ELIZABETH LEMARCHAND Suddenly While Gardening

ELIZABETH LEMARCHAND – Suddenly While Gardening. Walker & Co., hardcover, 1978; paperback, 1983. UK edition: Hart-Davis, hc, 1978.

   Lemarchand writes the classic (some would say old-fashioned) style of detective story, and this one, about the skeleton of a recently murdered youth found in an ancient gravesite on an English moor, fully demonstrates the blunt, efficient approach she takes to her craft.

   Detective-Chief Superintendent Pollard is her detective, and part of what he discovers the title gives away for free. In any case, after all these years, there ought to be a law against accepting broken watches as evidence, of anything, at any time.

   That’s what I think.

— Reprinted from The MYSTERY FANcier, Vol. 3, No. 6, Nov-Dec 1979. This review also appeared earlier in the Hartford Courant.

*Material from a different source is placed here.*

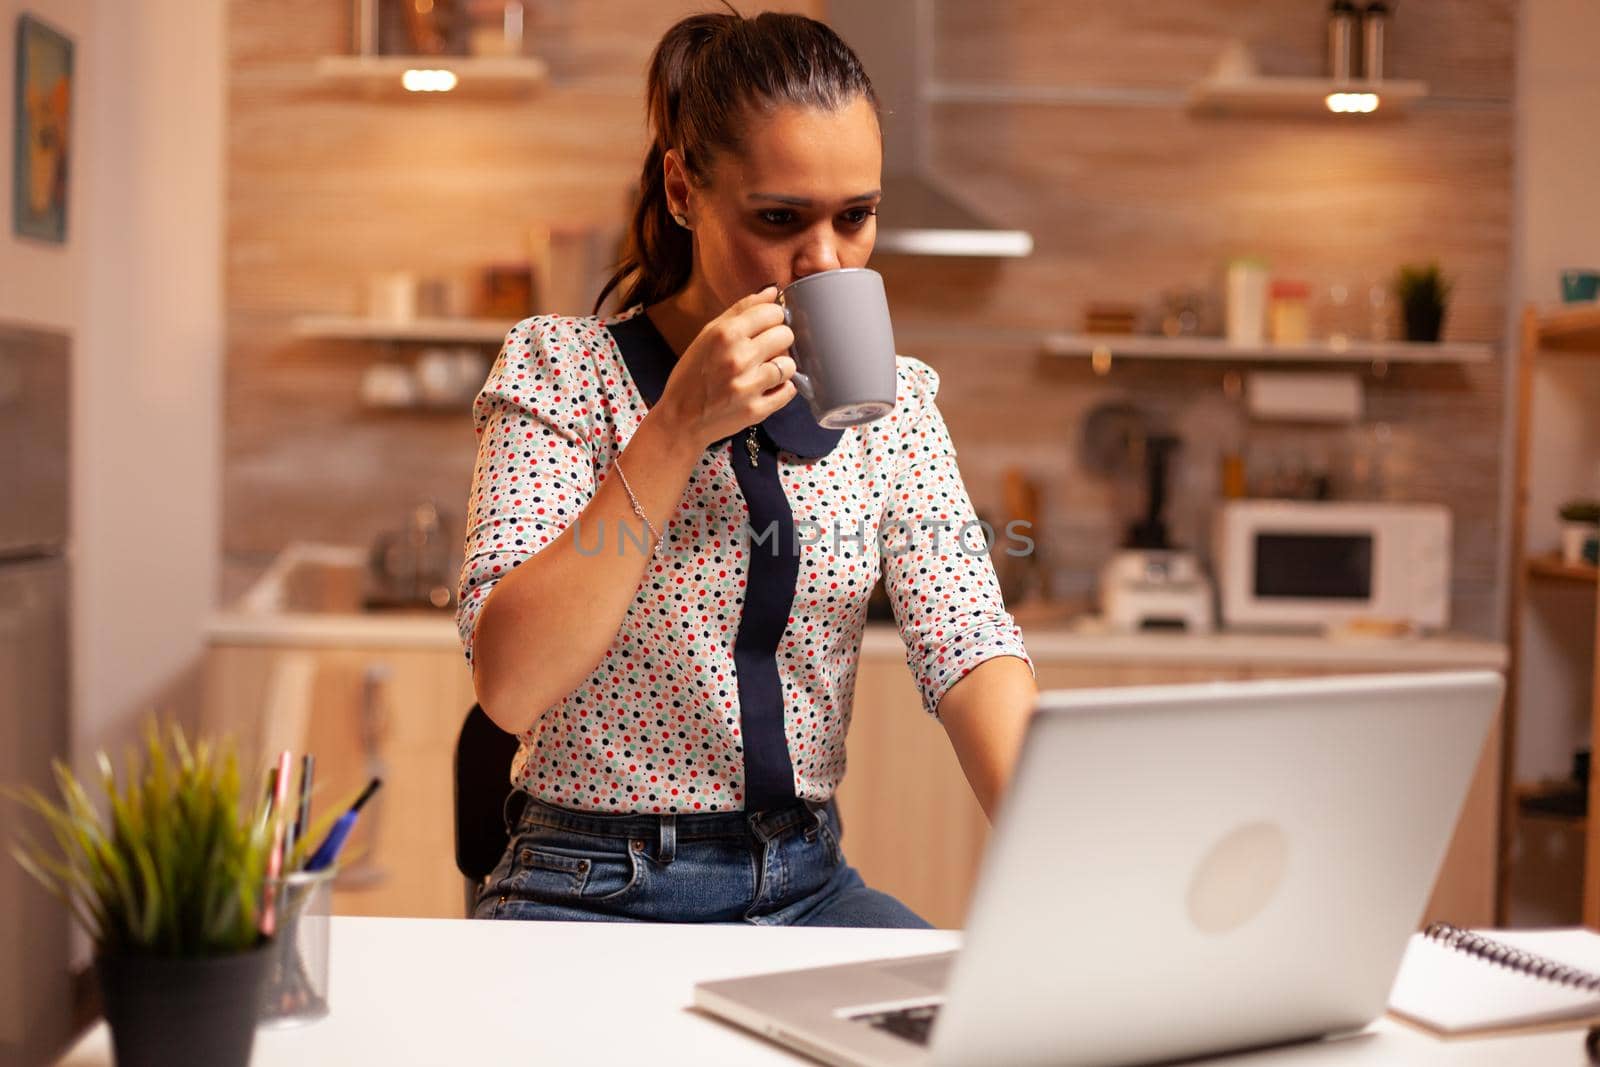 Woman taking a sip of coffee while working late at night on laptop in home kitchen for important project. Employee using modern technology at midnight doing overtime for job, business, busy, career.

[UPDATE] 03-16-11.   I didn’t happen to mention it in this review, but there were two detectives from Scotland Yard who worked as a team in each of Elizabeth Lemarchand’s mysteries, Tom Pollard and Gregory Toye. When they began Pollard was an inspector and Toye his sergeant, but when the former was eventually promoted, perhaps Toye was also.

   There were 17 entries in the series, beginning with Death of an Old Girl in 1967 (when the author was 61) and concluding with The Glade Manor Murder in 1988. All of them were reprinted in the US, but only a few had paperback editions.

   A quick search on the Internet has come up with very little critical commentary on her work. One site devoted to cozy mysteries says of hers: “Very traditional British mysteries, often set in girls’ schools; makes use of English history and archaeology.”

    I don’t know for sure — this is the only book of hers that I’ve read — but I think my review may have encapsulated Lemarchand’s approach to detective fiction rather well. While she was obviously not another Agatha Christie, and in spite of the somewhat negative tone to my comments, I wouldn’t mind reading another.